Abstract:
An integrated circuit including an array of flash EEPROM memory cells wherein overerase correction is provided after application of each erase pulse.

Description:
BACKGROUND OF THE INVENTION 
     1. Field of the Invention 
     The present invention relates to a integrated circuit memory including an array of flash EEPROM memory cells and circuitry to provide for overerase correction for the flash EEPROM cells. 
     2. Description of the Related Art 
     FIG. 1 shows a typical configuration for an integrated circuit including a flash EEPROM memory array 100 and circuitry enabling programming, erasing, reading, and overerase correction for memory cells in the array 100. The flash EEPROM array 100 is composed of individual cells, such as 102. Each cell has a drain connected to a bitline, such as 104, each bitline being connected to a bitline pull up circuit 106 and column decoder 108. Sources of the array cells are connected to Vss, while their gates are each connected by a wordline to a row decoder 110. 
     The row decoder 110 receives voltage signals from a power supply 112 and distributes the particular voltage signals to the wordlines as controlled by a row address received from a processor or state machine 114. Likewise, the bitline pull up circuit 106 receives voltage signals from the power supply 112 and distributes the particular voltage signals to the bitlines as controlled by a signal from the processor 114. Voltages provided by the power supply 112 are provided as controlled by signals received from processor 114. 
     The column decoder 108 provides signals from particular bitlines to sense amplifiers or comparators 116 as controlled by a column address signal received from processor 114. The sense amplifiers 116 further receive a signal from reference cells of reference array 118. An example of circuitry for reference array 118, as well as operation of such circuitry is provided in U.S. patent application Ser. No. 08/160,582 entitled &#34;Programmed Reference&#34;, and U.S. Pat. No. 5,335,198 entitled &#34;Flash EEPROM Array With High Endurance&#34;, both of which are incorporated herein by reference. With signals from the column decoder 108 and reference array 118, the sense amplifiers 116 then each provide a signal indicating a state of a bitline relative to a reference cell line to which it is connected through data latches or buffers 120 to processor 114. 

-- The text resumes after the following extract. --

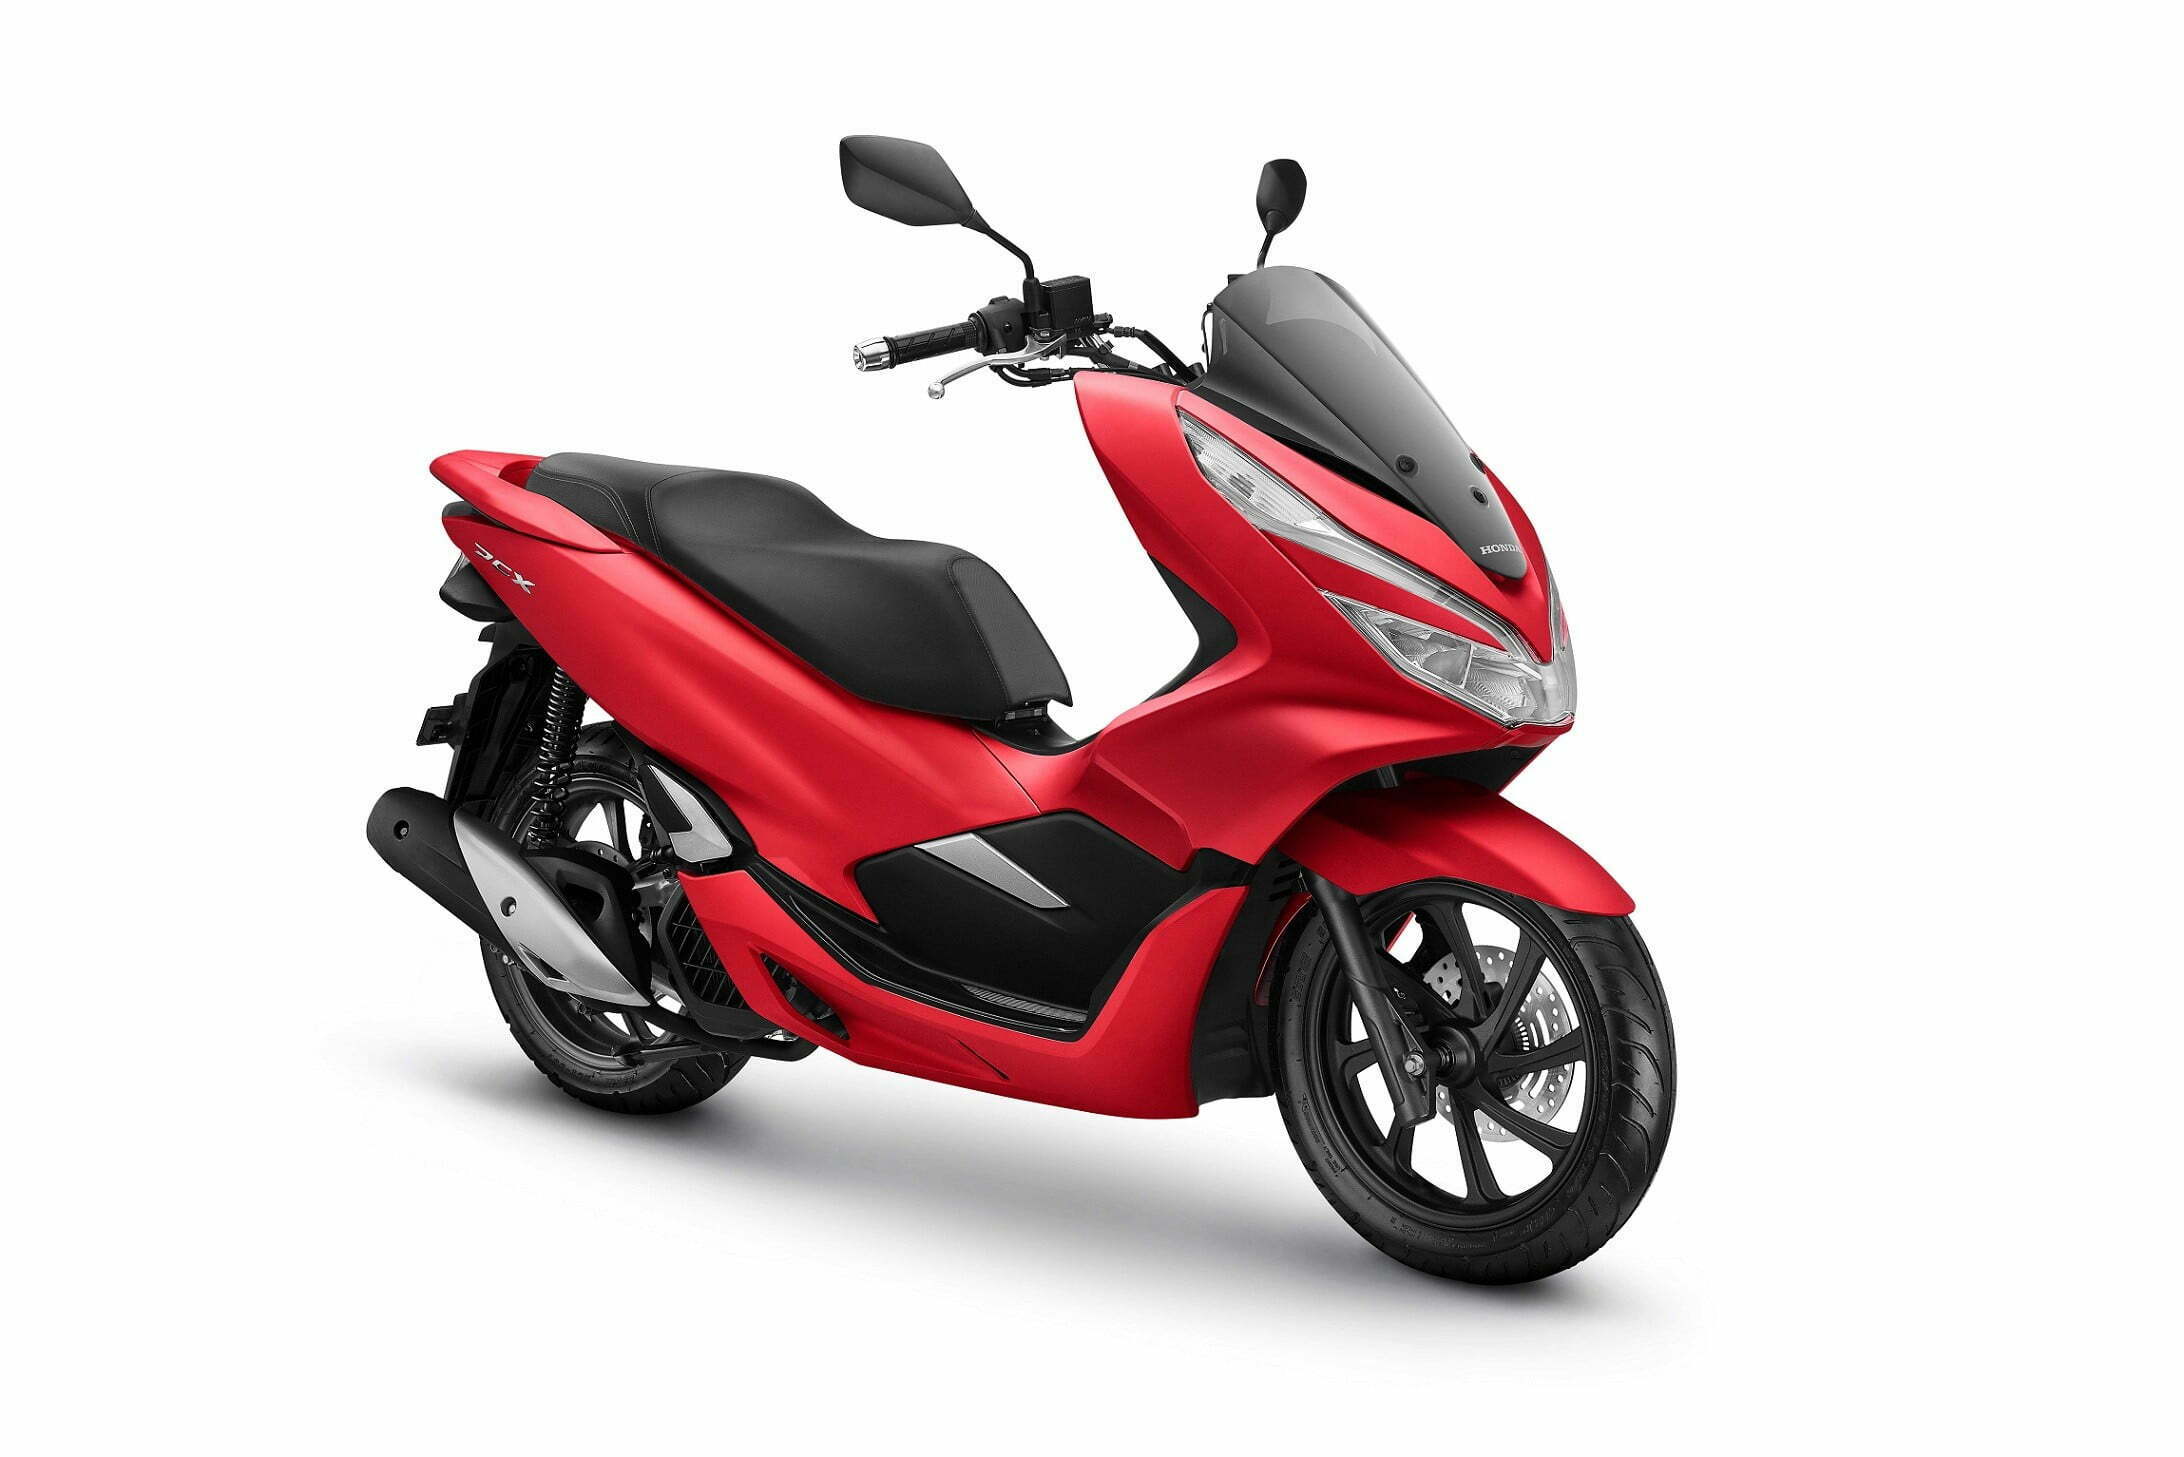 Daftar Harga Motor Honda Terbaru - Mataram Lombok

     To program a cell in the flash memory array 100, high gate-to-drain voltage pulses are provided to the cell from power supply 112 while a source of the cell is grounded. For instance, during programming typically multiple gate voltage pulses of 10 V are each applied for approximately two to three microseconds to a cell, while a drain voltage of the cell is set to 5.5 V and its source is grounded. The large gate-to-drain voltage pulses enable electrons flowing from the source to drain to overcome an energy barrier to produce &#34;hot electrons&#34; which are accelerated across a thin dielectric layer enabling the electrons to be driven onto a floating gate of the cell. This programming procedure, termed &#34;hot electron injection&#34; results in an increase of a threshold voltage for the cell, the threshold being the gate-to-source voltage required for the cell to conduct. 
     To erase a cell in the flash memory array 100, a procedure known as Fowler-Nordheim tunneling is utilized wherein relatively high negative gate-to-source voltage pulses are applied for a few tenths of a second each. For instance, during erase multiple gate voltage pulses of -10 V are applied to a cell, while a drain of the cell is set to 5.5 V and its source is floating. The large negative gate-to-source voltage pulses enable electrons to tunnel from the floating gate of a cell reducing its threshold. 
     To represent a data bit, the floating gate of a cell is programmed or erased as described above. In a programmed state, the threshold voltage of a cell is typically set at greater than 6.5 volts, while the threshold voltage of a cell in an erased state is typically limited below 3.0 volts. To read a cell, a control gate voltage between the 3.0 and 6.5 volt range, typically 5 V, is applied. The 5 V read pulse is applied to the gate of an array cell as well as a cell in reference array 118 having a threshold near 5 V. In a programmed state with an array cell in array 100 having a threshold above 6.5 V, current provided by the reference cell with a threshold of 5 V will be greater indicating a programmed cell exists. In an erased state with a threshold of a cell in array 100 below 3.0 V, current provided by the array cell will be greater than the reference cell with a threshold of 5 V indicating an erased cell. To verify programming or erase, a read voltage is similarly applied to both a cell in the array and to cells in the reference array 118. For programming, a reference cell having a threshold of 6.5 V is used for a comparison, while for erase, a reference cell having a threshold of 3.0 V is used for comparison. 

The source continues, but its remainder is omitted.